Guy Boniface
- Birth name: Guy Boniface
- Date of birth: 6 March 1937
- Place of birth: Montfort-en-Chalosse, France
- Date of death: 1 January 1968 (aged 30)
- Place of death: Saint-Sever, France
- Height: 1.72 m (5 ft 8 in)
- Weight: 72 kg (159 lb)
- Notable relative(s): André Boniface (brother)

Rugby union career
- Position(s): Centre

Amateur team(s)
- Years: Team / Apps / (Points)
- U.S. Montfortoise /  / ()
- –: Mont-de-Marsan /  / ()

International career
- Years: Team / Apps / (Points)
- 1960–1966: France / 35 / (45)

= Guy Boniface =

French rugby union player (1937–1968)

Guy Boniface (6 March 1937 – 1 January 1968) was a French rugby union footballer that represented France in 35 Tests.
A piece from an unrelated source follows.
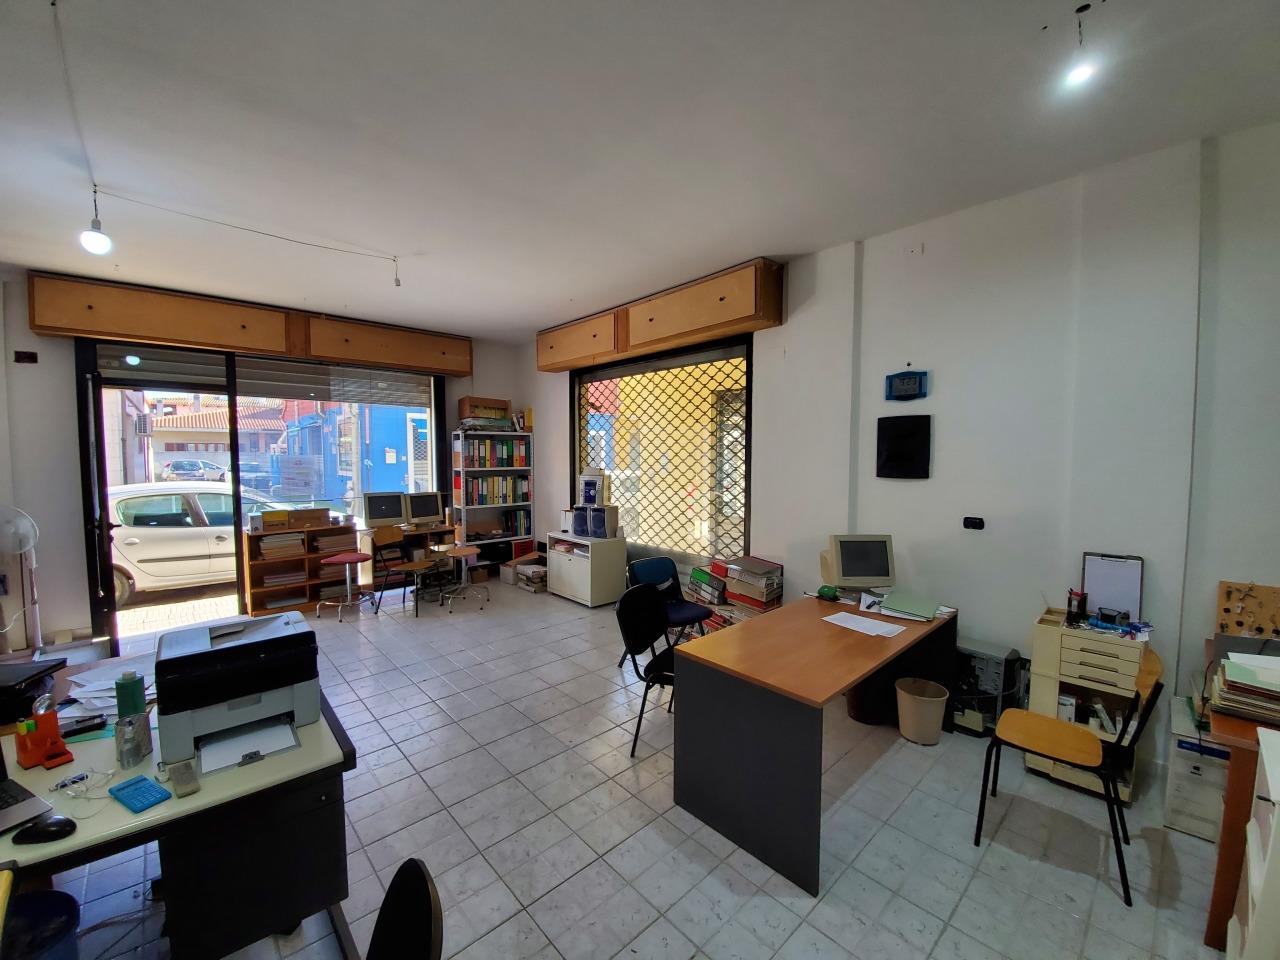 Negozio / Locale in affitto a Uta, 1 locali, prezzo € 500 | CambioCasa.it
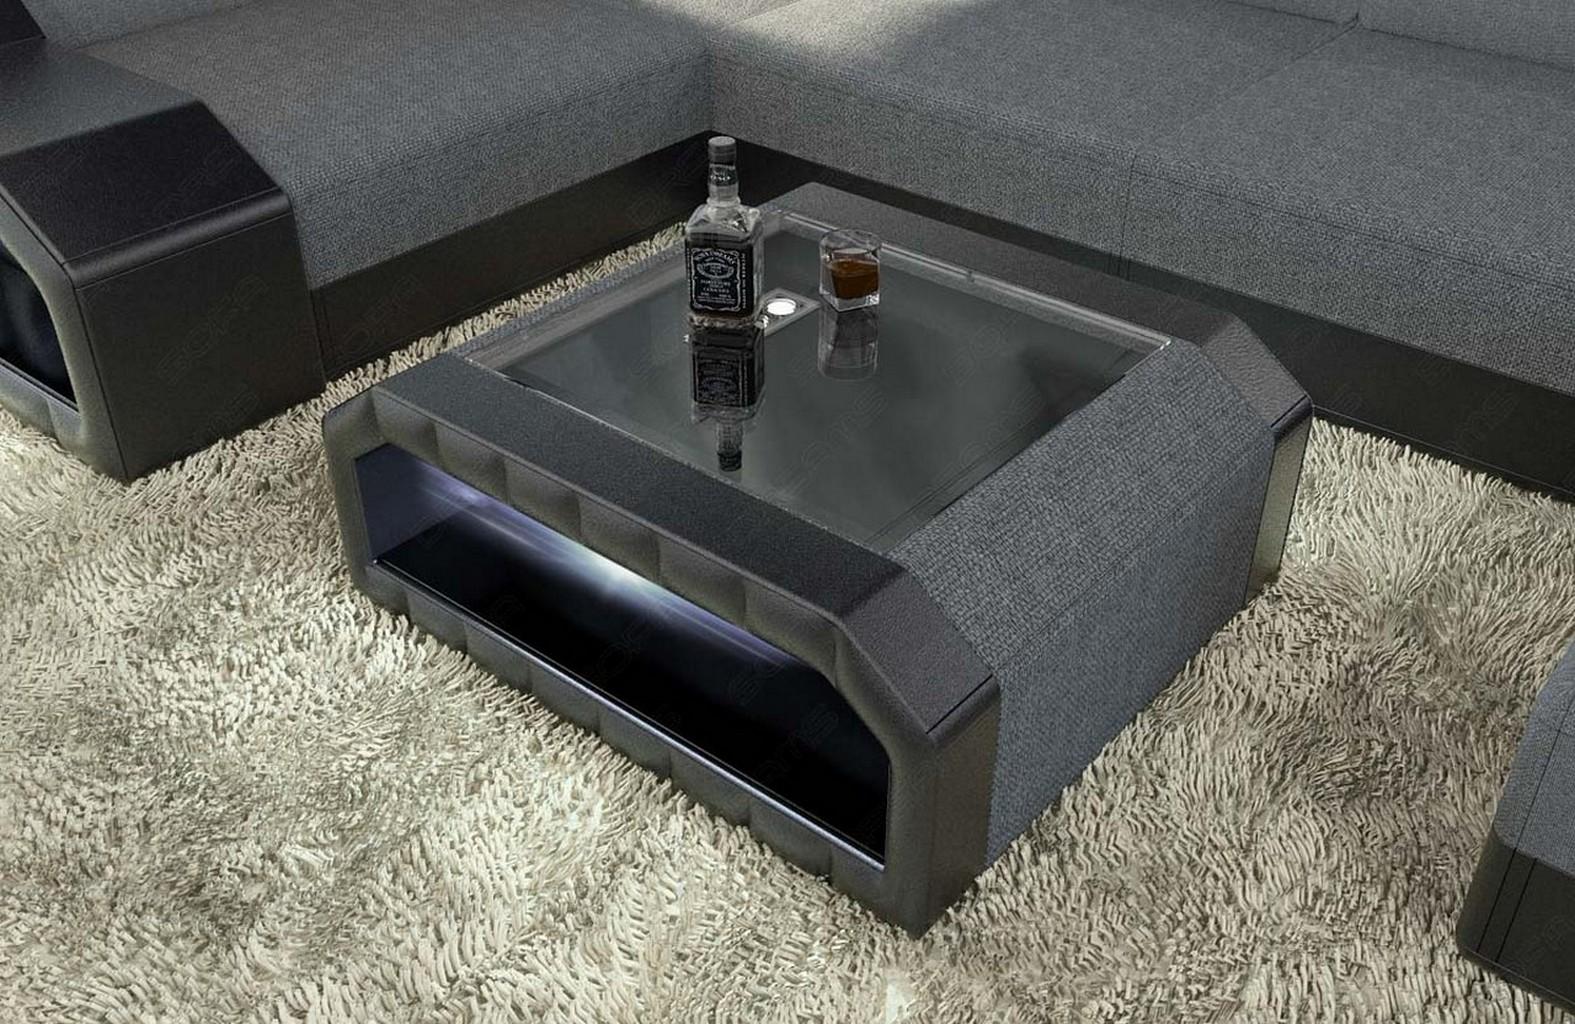 couchtisch beistelltisch stoff matera beleuchtung sicherheitsglasplatte tisch ebay. Black Bedroom Furniture Sets. Home Design Ideas

Born in Montfort-en-Chalosse, Aquitaine, he mainly played at centre, and played for Stade Montois and U.S. Montfortoise. He won the French Championship with Stade Montois in 1963, and was runner up with them in 1959. He also won the Challenge Yves du Manoir in 1960, 1961, and 1962. Stade Montois' stadium was named after him following his death.

He played 18 Tests with his brother André Boniface including one Test against New Zealand (the All Blacks) in which the All Blacks had two sets of brothers playing. He helped France with the Five Nations in 1959 - their first outright Championship victory. In 1968 - whilst returning home from a club match - he was killed in a traffic accident.

Both brothers were inducted together into the IRB Hall of Fame in March 2011.